What you need to do> Take the whole listing and reproduce it exactly, pictures excepted.

Given material>
___

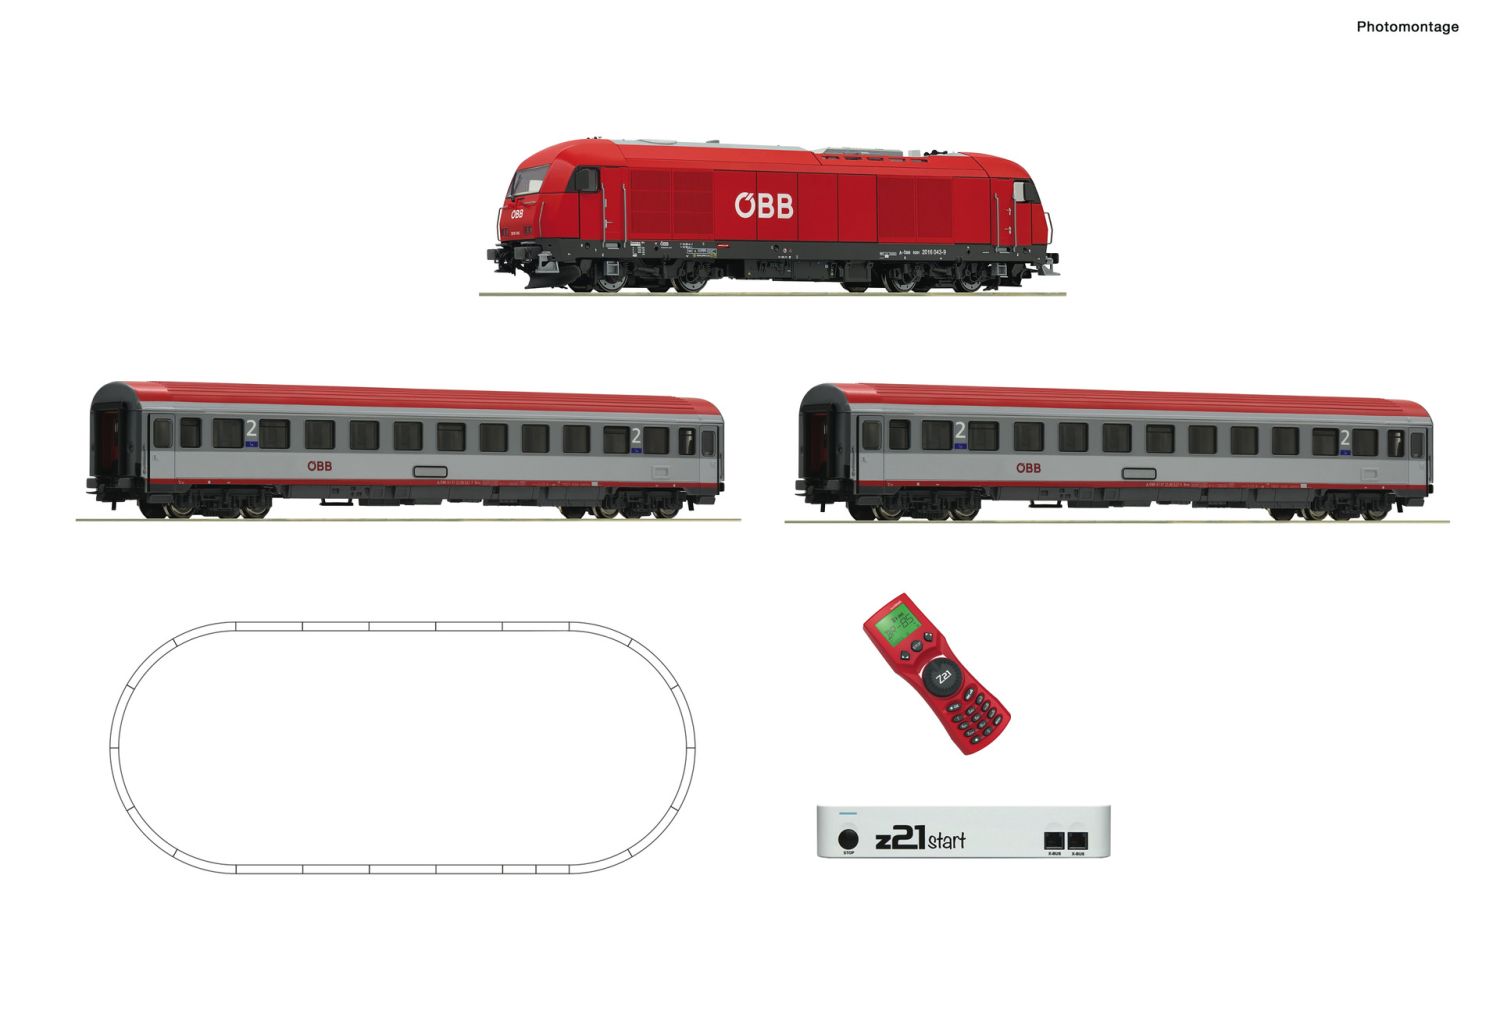 Roco 51341 - Digitales Startset mit Rh 2016 und Personenzug, ÖBB, Ep.VI, z21start und MultiMaus
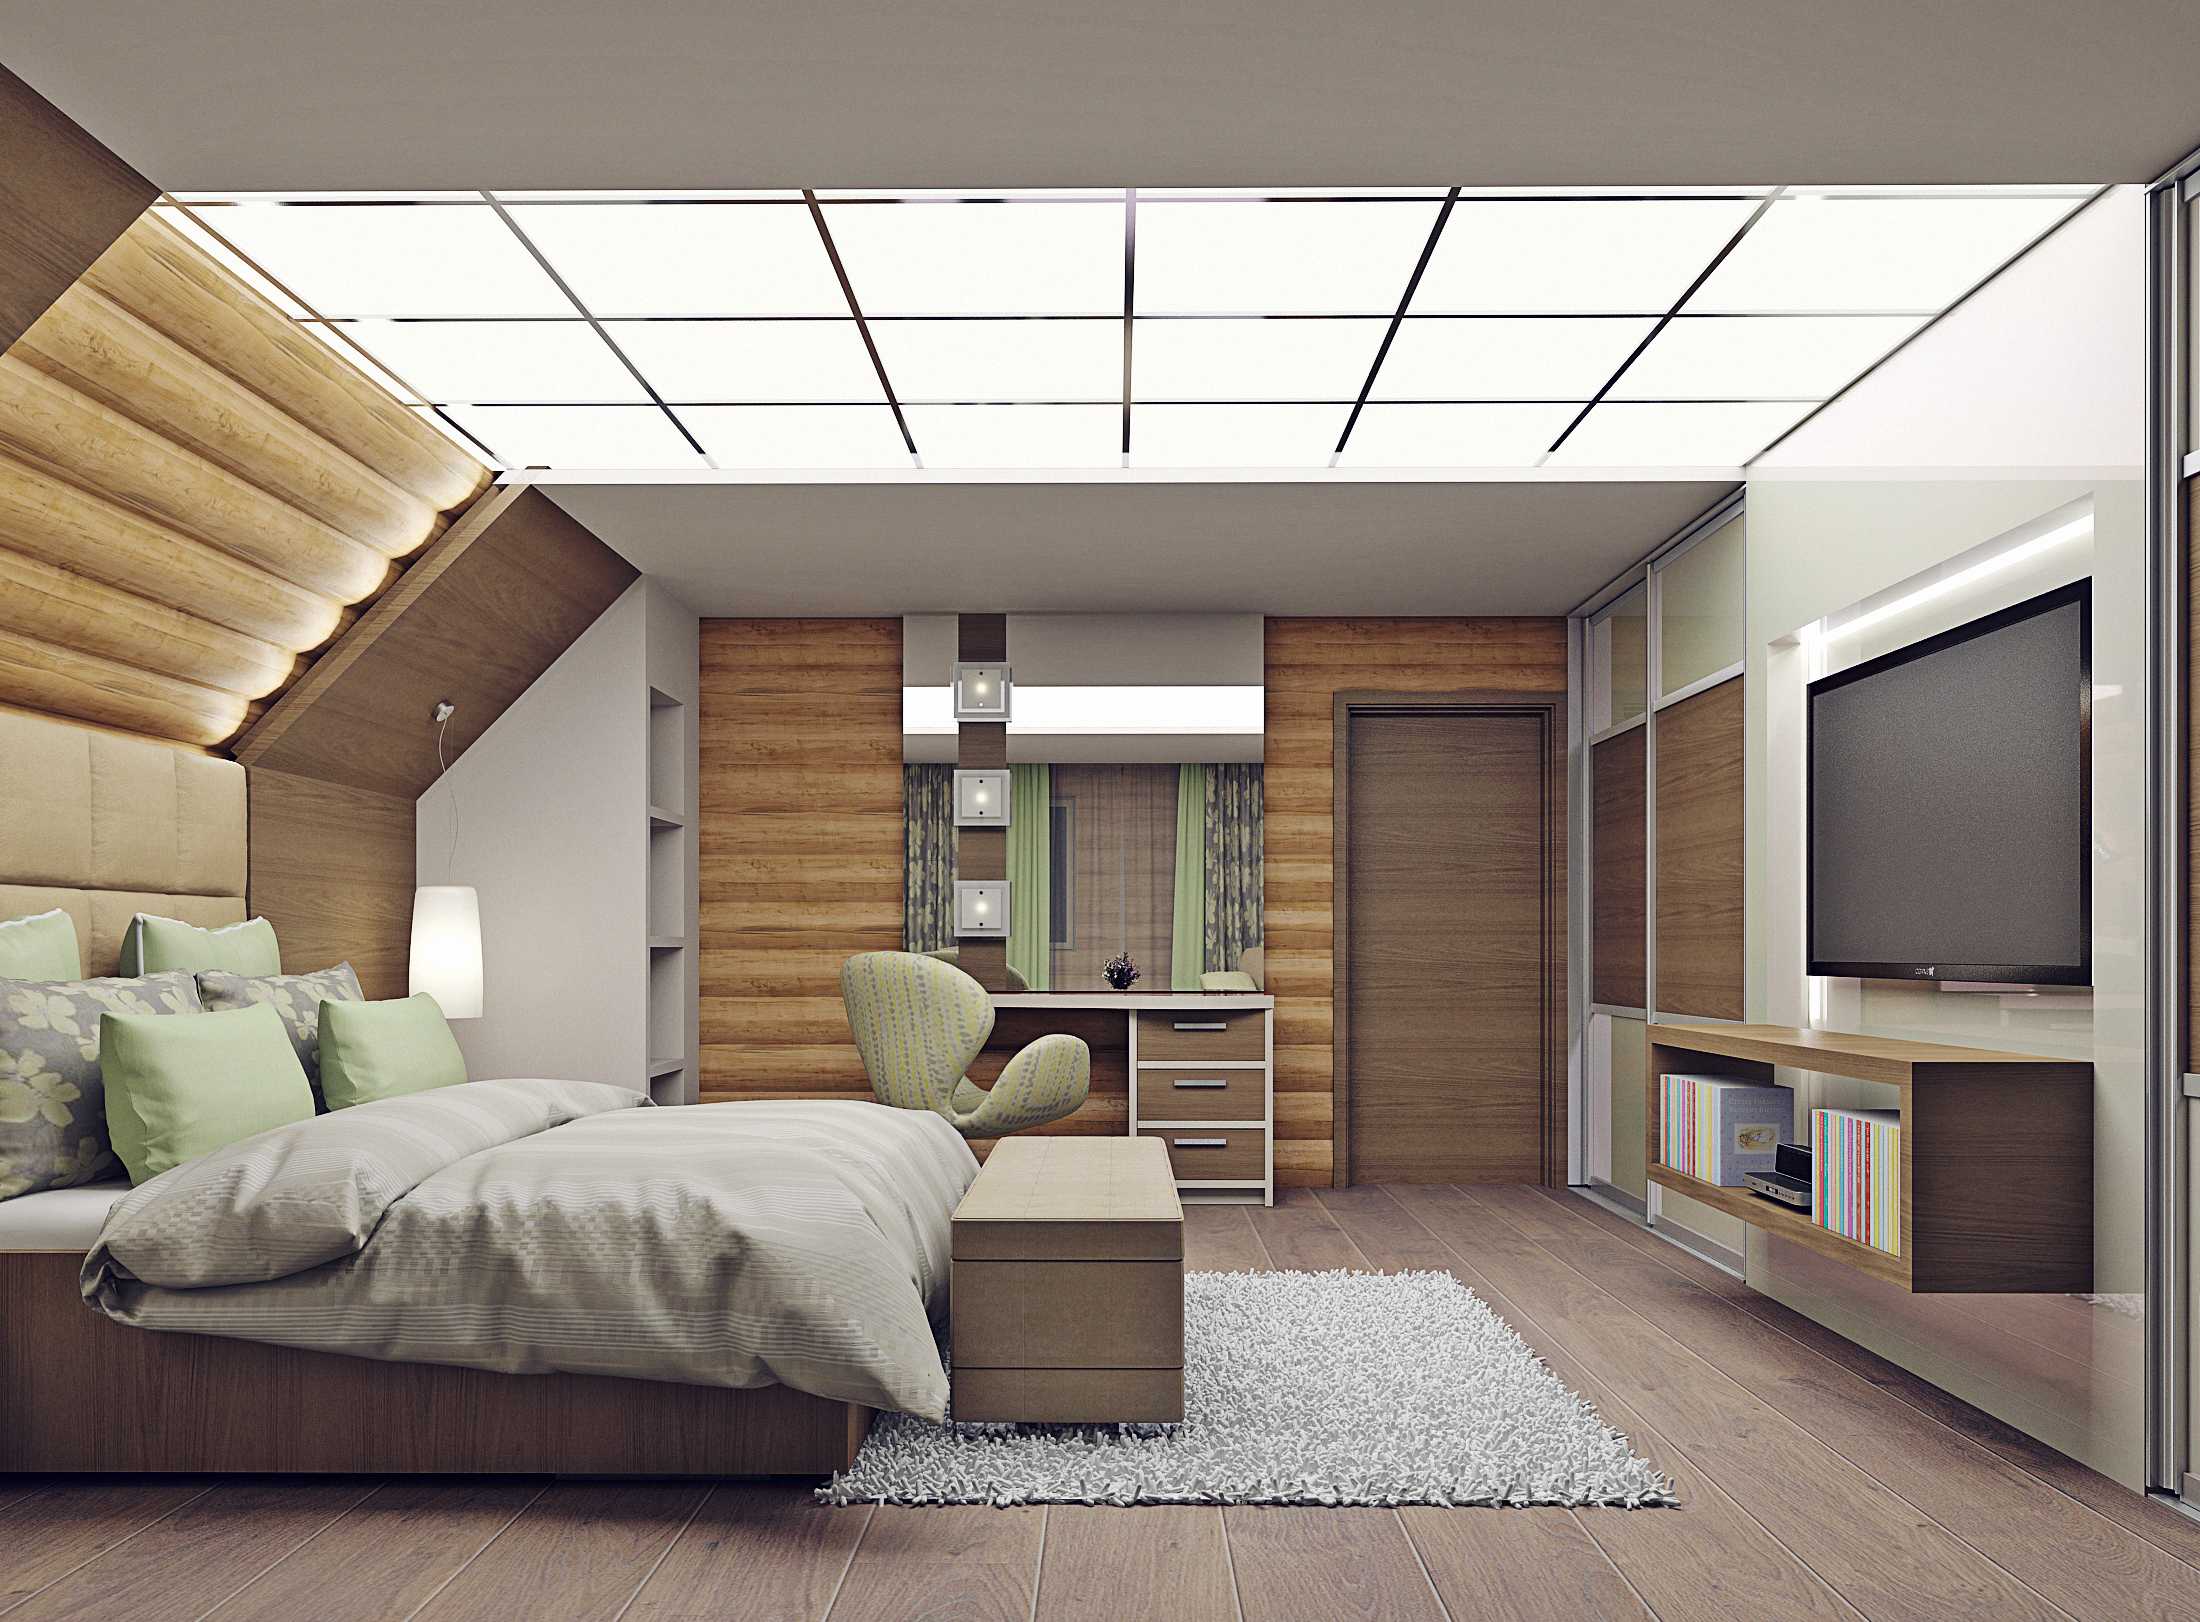 Спальня на мансарде (95 фото): дизайн интерьера комнаты на чердаке в доме со стойками, на мансардном этаже с комбинированной отделкой
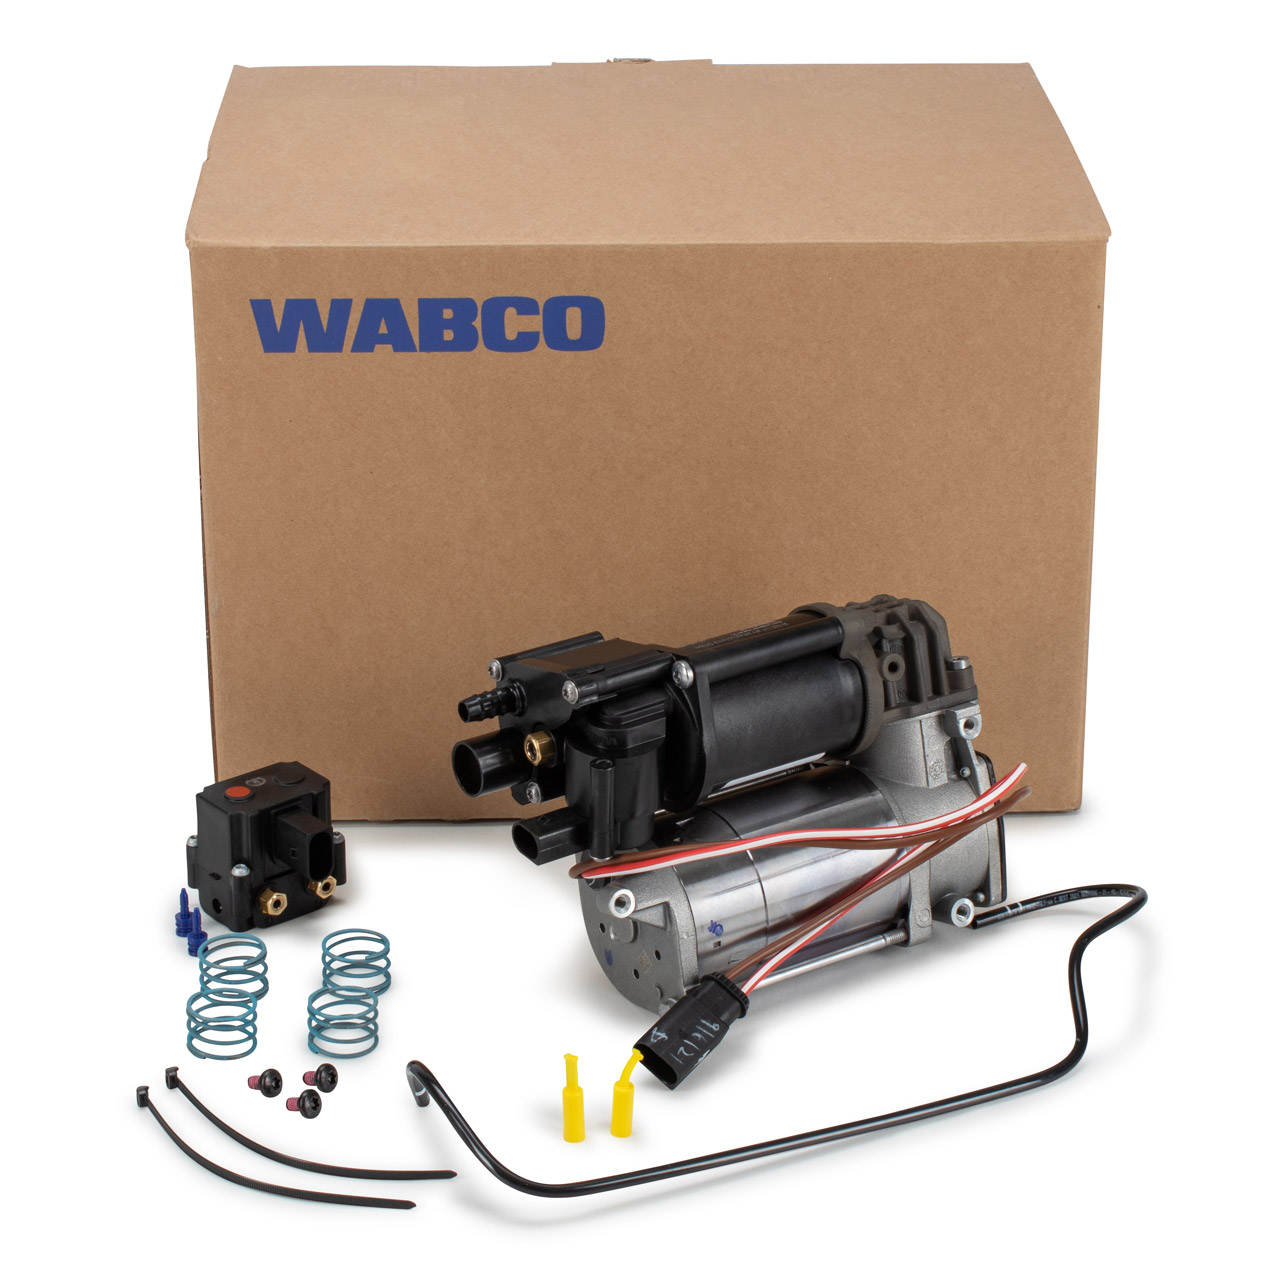 WABCO Kompressoren Luftfederung - 415 403 956 2

___

Answer below>
 Roco 51341 - Digitales Startset mit Rh 2016 und Personenzug, ÖBB, Ep.VI, z21start und MultiMaus
 Спальня на мансарде (95 фото): дизайн интерьера комнаты на чердаке в доме со стойками, на мансардном этаже с комбинированной отделкой
 WABCO Kompressoren Luftfederung - 415 403 956 2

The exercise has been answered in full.